When it comes to the US, regulatory bodies decided on a different method, focusing on introducing several AI bills, acts, and guiding principles at the federal and state levels. President Donald Trump’s second term, however, reshaped the industry, with many regulations established during President Joe Biden’s administration being revoked. Currently, the Securities and Exchange Commission’s focal point is the impact of AI on market integrity, while the Federal Reserve and the Office of the Comptroller of the Currency (OCC) are analysing the implications of AI on financial stability and are looking into guidelines specific to the banking sector.
As AI, and more specifically, Agentic AI, is on a growth trajectory, regulators are acclimating in hopes of ensuring that its integration into the financial services sector is as transparent and secure as possible.
With AI expanding beyond traditional automation models, the development of Agentic AI is expected to reshape the fintech sector. Compared to other tools that leverage predefined inputs, Agentic AI adjusts its strategies in real time to augment outcomes across financial systems.
But what can we expect from Agentic AI, and will the industry be ready for this technology?

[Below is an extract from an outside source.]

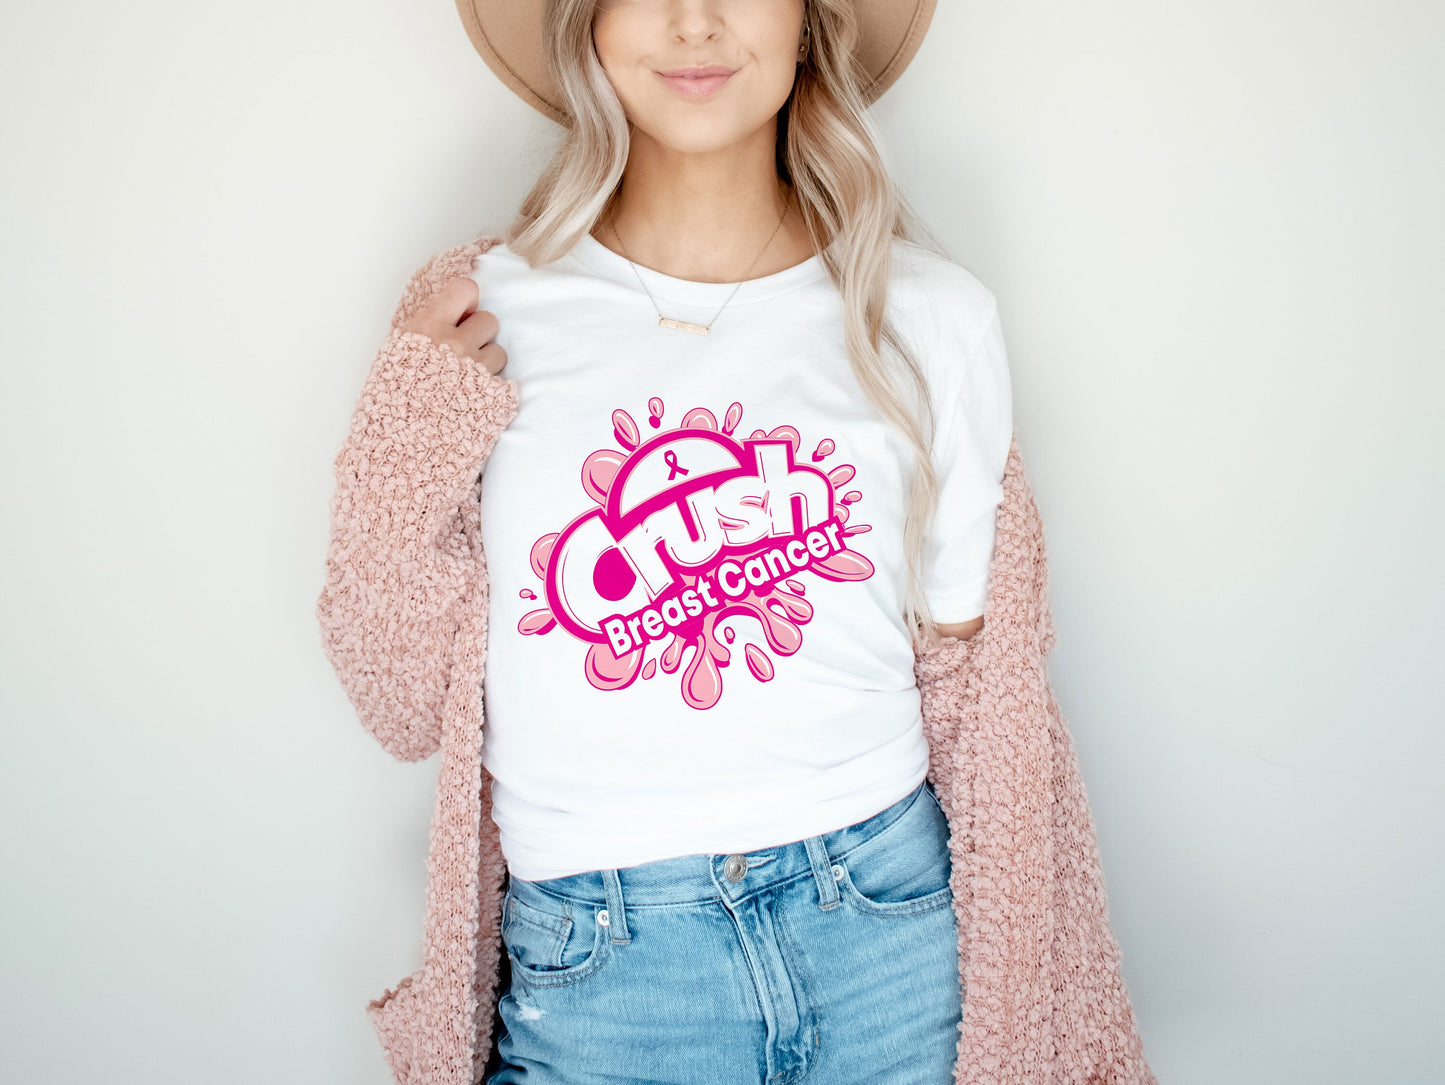 Crush Cancer Soda Pun Pink Ribbon Fight Breast Cancer Support Tee Style Ultra Soft Graphic Tee Unisex Soft Tee T-shirt for Women or Men

When we reached out for a comment on the topic, Panagiotis Kriaris, Director – Head of Business & Corporate Development at Unzer, underlined that ‘Agentic AI is quickly redefining how financial services are built, accessed, and monetised. Three trends are driving this shift.
First, the interface is disappearing: payments, onboarding, fraud checks - they’re moving into conversations, prompts, and background automation. Agents initiate payments automatically, based on context and permissions - no user action required.
Second, the infrastructure race is on. PayPal launched agent-native APIs for payments, shipping, invoicing, and risk. Mastercard’s Agent Pay enables bots to transact securely with tokenization and biometric SCA. Visa is building modular agent APIs for real-time approvals and spend controls. Stripe is embedding intelligence into payment flows, enabling agents to act on transactions contextually and in real time.
Third, the stack is being standardised. Protocols like MCP and A2A are enabling agents to talk across systems and to each other. The winners won’t just process payments - they’ll orchestrate entire workflows.
What’s at stake? Becoming the new infrastructure.
In the agentic economy, controlling the payment credential means becoming the default wallet in the loop, capturing the transaction, associated data, interchange, and value-added services.
Players who build for this will not only control the new checkout but will also own the customer relationship. Those who don’t risk finding themselves disintermediated by someone else’s agent.’
Agentic AI has the potential to revolutionise finance, but will fintech players keep up while also ensuring that this technology aligns with security standards and customer expectations? It remains to be seen, and we are here to keep you in the loop.